В следующем году Граммон предпринял экспедицию на берег Куманы с отрядом в сто восемьдесят человек, штурмовал Пуэрто-Кавалло, взял два форта, срыл укрепления их до основания и заклепал все пушки. Все окрестные жители взялись за оружие, чтобы прогнать эту горсть флибустьеров, и даже 2000 человек шли к городу и укреплениям. На Граммона, находившегося в городе с сорока семью человеками, напали триста испанцев; пора было думать об успешном отступлении. Граммон послал прочим флибустьерам приказание немедленно оставить форты и садиться на корабли, между тем, как сам, беспрерывно сражаясь, причем был два раза опасно ранен в шею, прикрывал садившихся на корабли. Флибустьеры сражались с таким остервенением, что лишили испанцев всякого присутствия духа, и они должны были наконец быть спокойными зрителями того, как Граммон со своим отрядом и 150 пленными, между которыми находился и губернатор города, спокойно сел на корабли. При весьма незначительной добыче, приобретенной в этой экспедиции, флибустьеры рассчитывали на выкуп пленных. Но счастье не благоприятствовало им по-прежнему. Граммон, ужасно страдая от раны и находясь в большой опасности, стоял на Гоавском рейде, когда буря бросила корабли его на берег и разбила их. Между ними находился главный корабль его о 52-х пушках, на котором было все его имущество. Наконец Граммон выздоровел, но совершенно обнищал, почему и просил принять его как простого флибустьера в отряд, отправлявшийся в экспедицию, целью которой был город Веракрус, чего Фан-Горн, однако, не допустил.

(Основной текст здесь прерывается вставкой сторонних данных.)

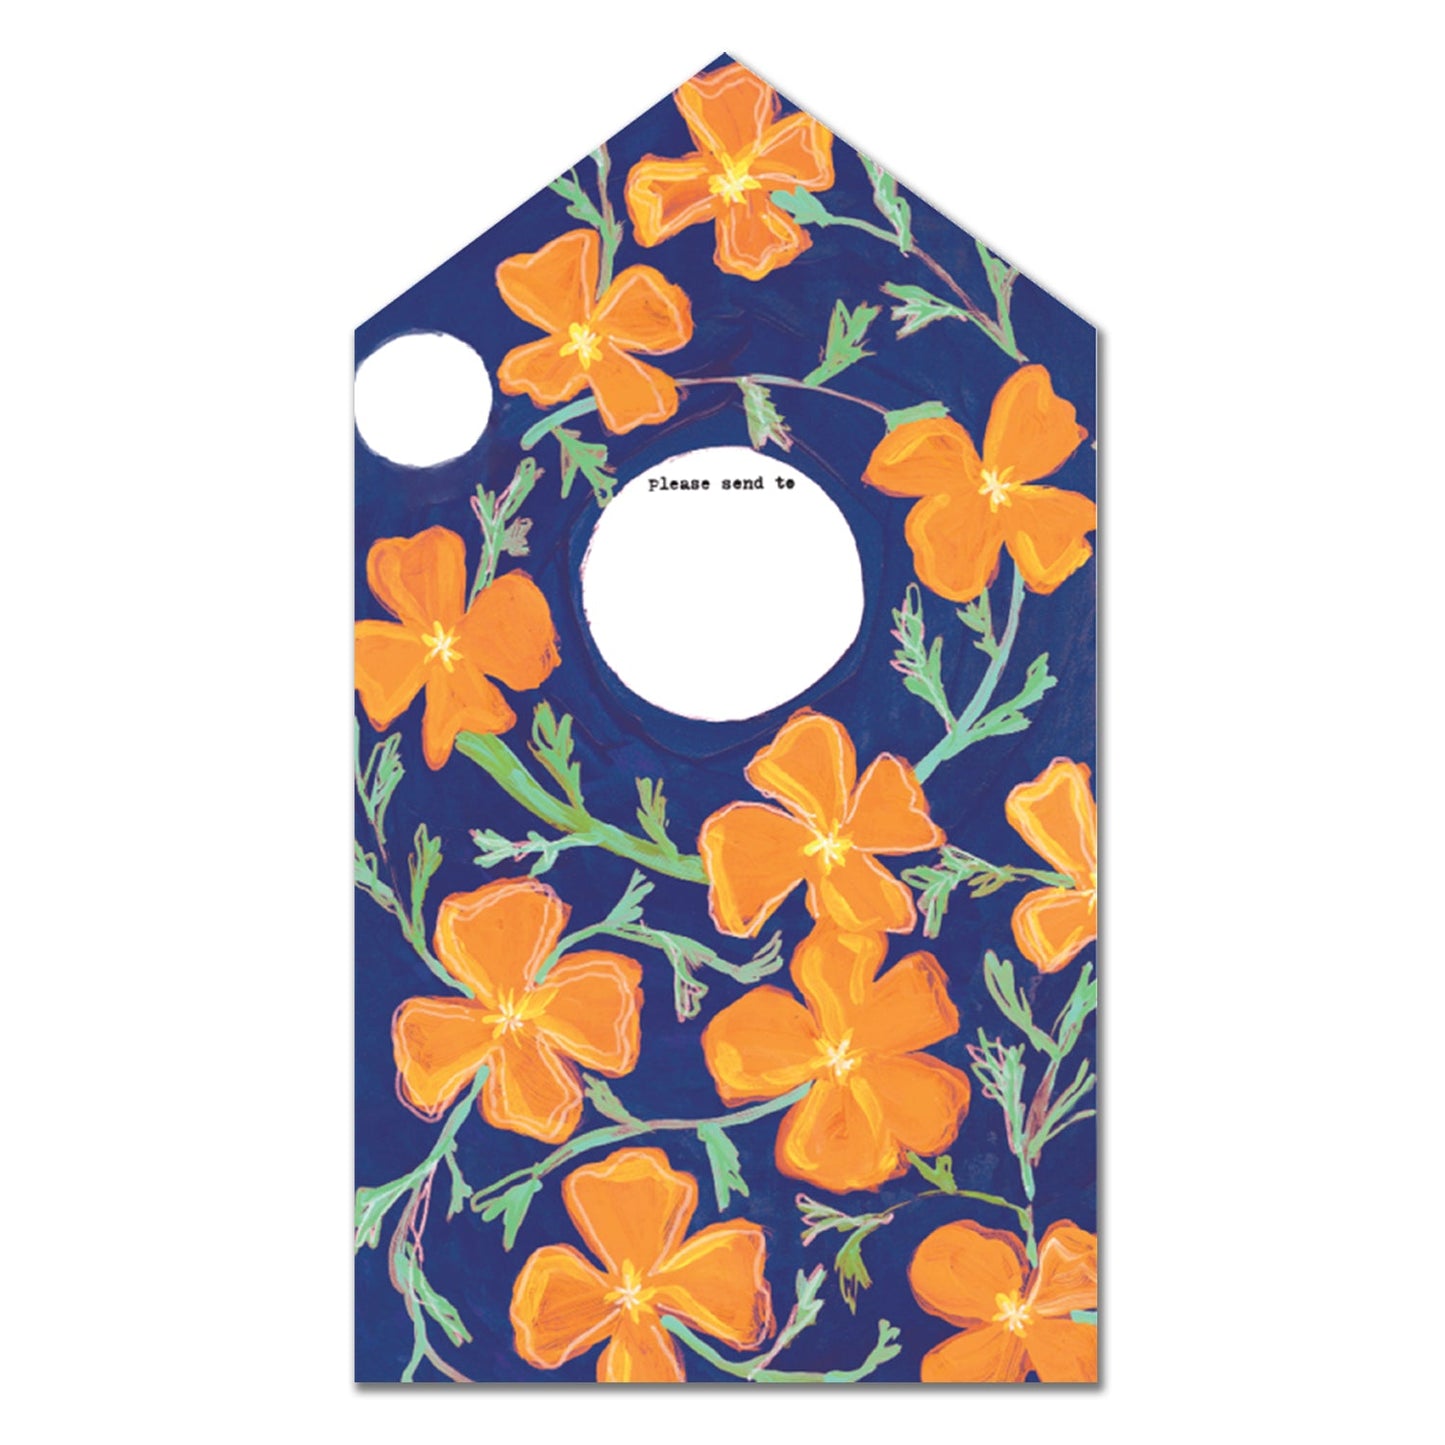 California Poppies(Set of 5) - Tiny and Snail

Третий предводитель, Лоран де Графф, не менее двух первых был предприимчив и мужествен. Он был превосходный артиллерист, долго служил в испанских войсках, даже крейсировал против флибустьеров и не раз брал пленных из среды их, пока сам не попал к ним в руки. Флибустьеры, испытав на себе мужество его, предложили ему вступить в их братство, на что он и согласился, несколько раз участвовал в походах Фан-Горна и скоро сделался ужасом и бичом испанцев. Раз как-то наткнулся он совершенно неожиданно со своим хорошо вооруженным, но маленьким кораблем на два испанских шестидесятипушечных, линейных корабля, отправленных именно против него. Партия была слишком неравна, и потому он всячески старался уйти от них. Однако, видя, что усилия его бесполезны, увещевал своих людей защищаться до крайности. В краткой речи он изобразил ужасное положение, в какое приведет их плен, который кончится постыдной смертью в ужаснейших мучениях. Эта речь произвела ожидаемое действие: она возбудила во всех флибустьерах отчаянную решимость.

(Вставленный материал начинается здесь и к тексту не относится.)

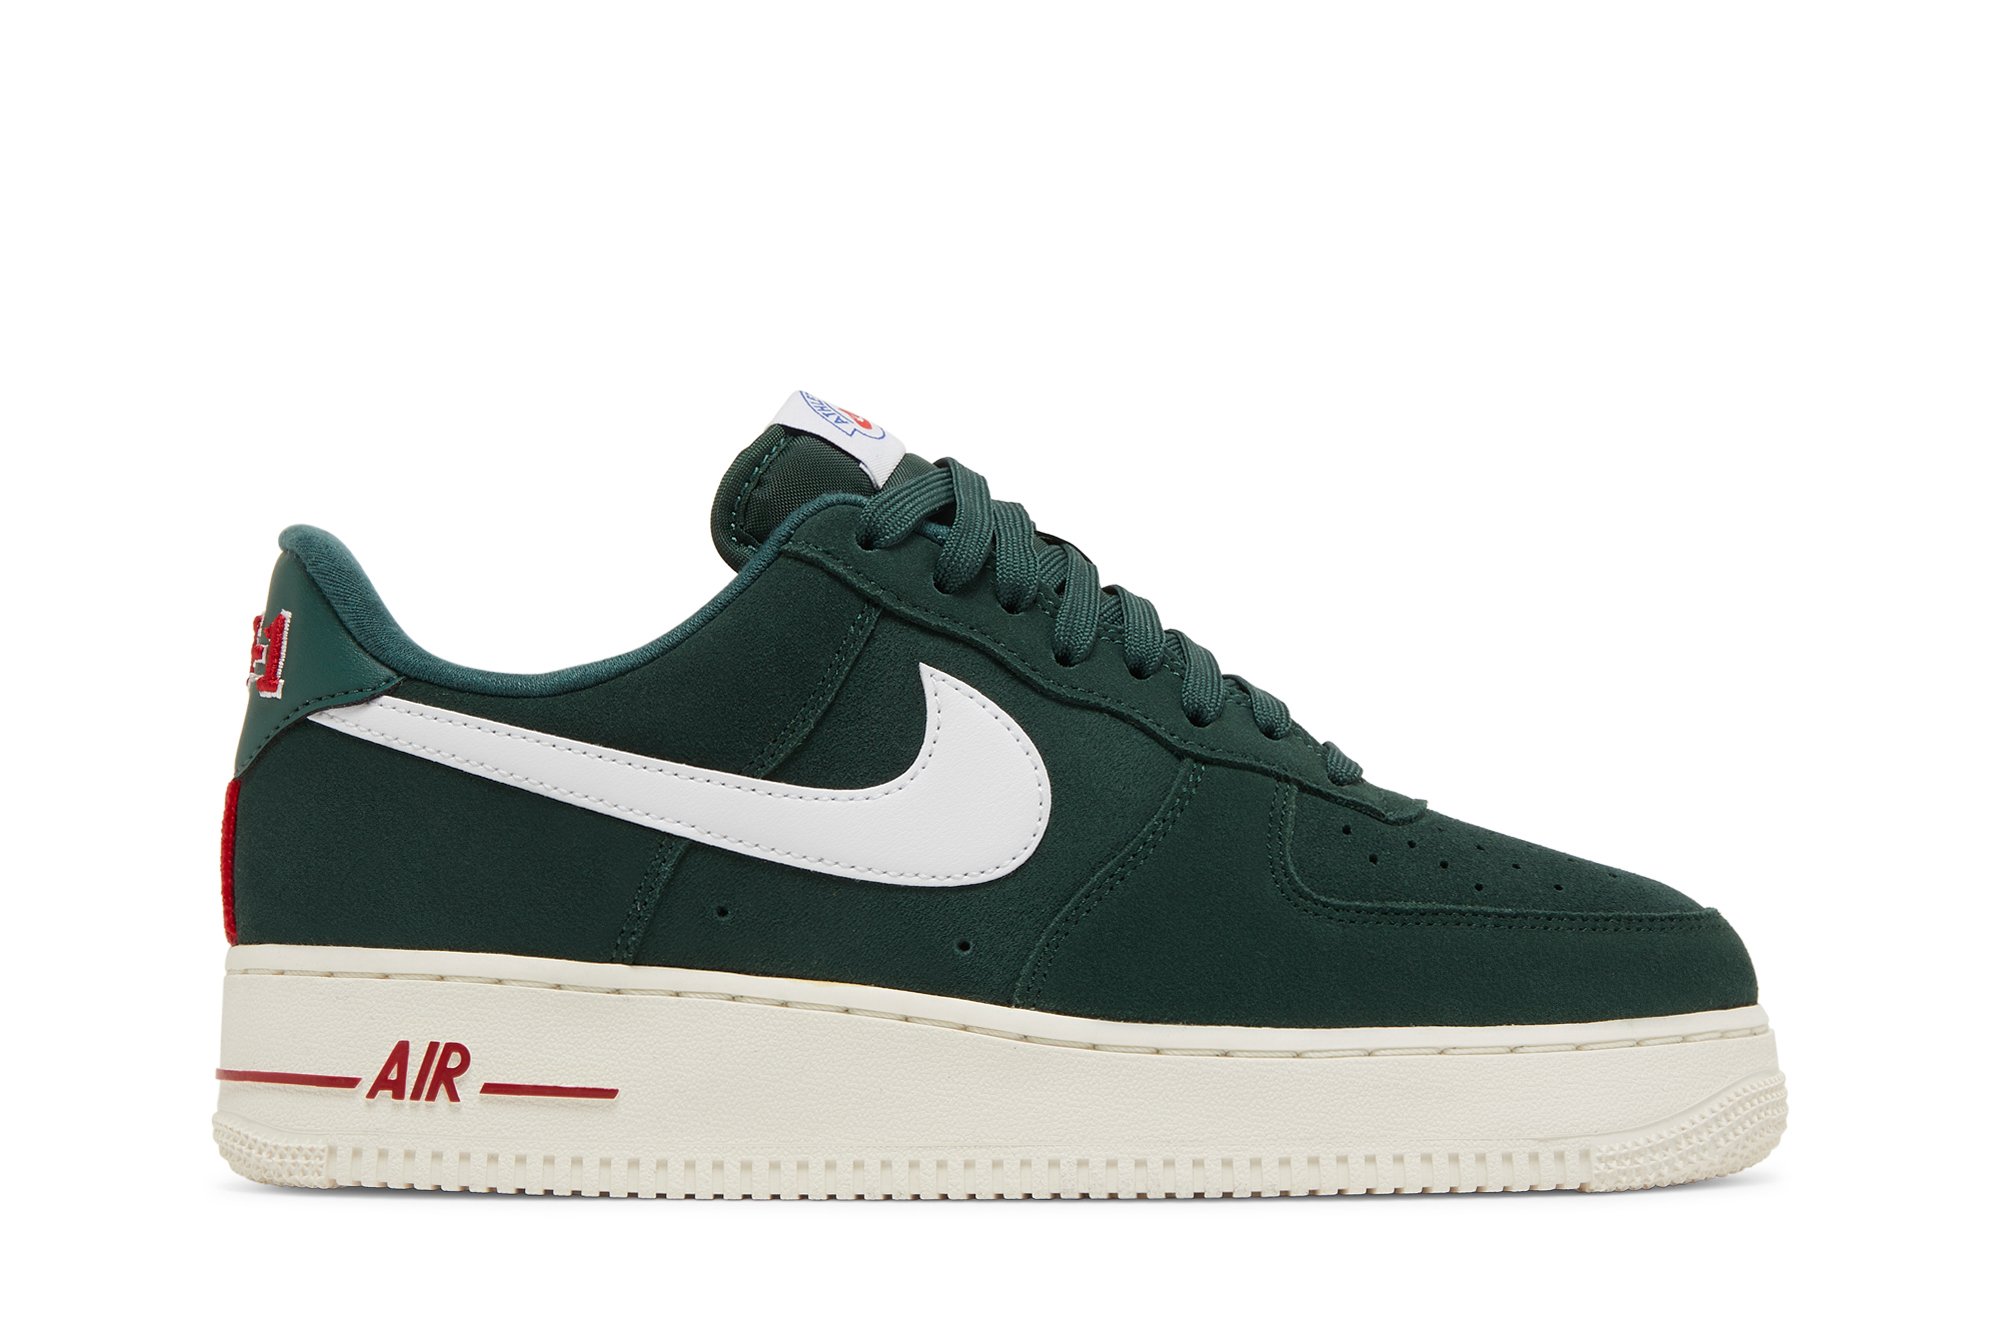 Buy Air Force 1 Low 'Athletic Club' - DH7435 300 | GOAT

Для поддержания этого расположения Лоран подозвал одного из самых решительных пиратов, приказал ему взять горящий фитиль, стать в двух шагах от пороховой камеры и ждать там от него знака к взорванию корабля, когда всякая надежда будет потеряна. Потом он сделал все нужные распоряжения, главной целью которых был меткий и хорошо рассчитанный мушкетный огонь, и вскричал: «Мы должны пройти между неприятельскими кораблями!» И Лоран прошел действительно, хотя ядра испанцев сильно повредили корабль его, но зато искусные в стрельбе флибустьеры десятками убивали толпившихся на неприятельских шканцах испанцев.
Лоран, раненный ядром в бедро, продолжал однако же командовать и особенно воспользовался своим искусством в меткой пальбе из пушек: сам наводил их и наконец сбил главную мачту на адмиральском корабле, что произвело смущение. Лоран воспользовался им и избегнул верной гибели.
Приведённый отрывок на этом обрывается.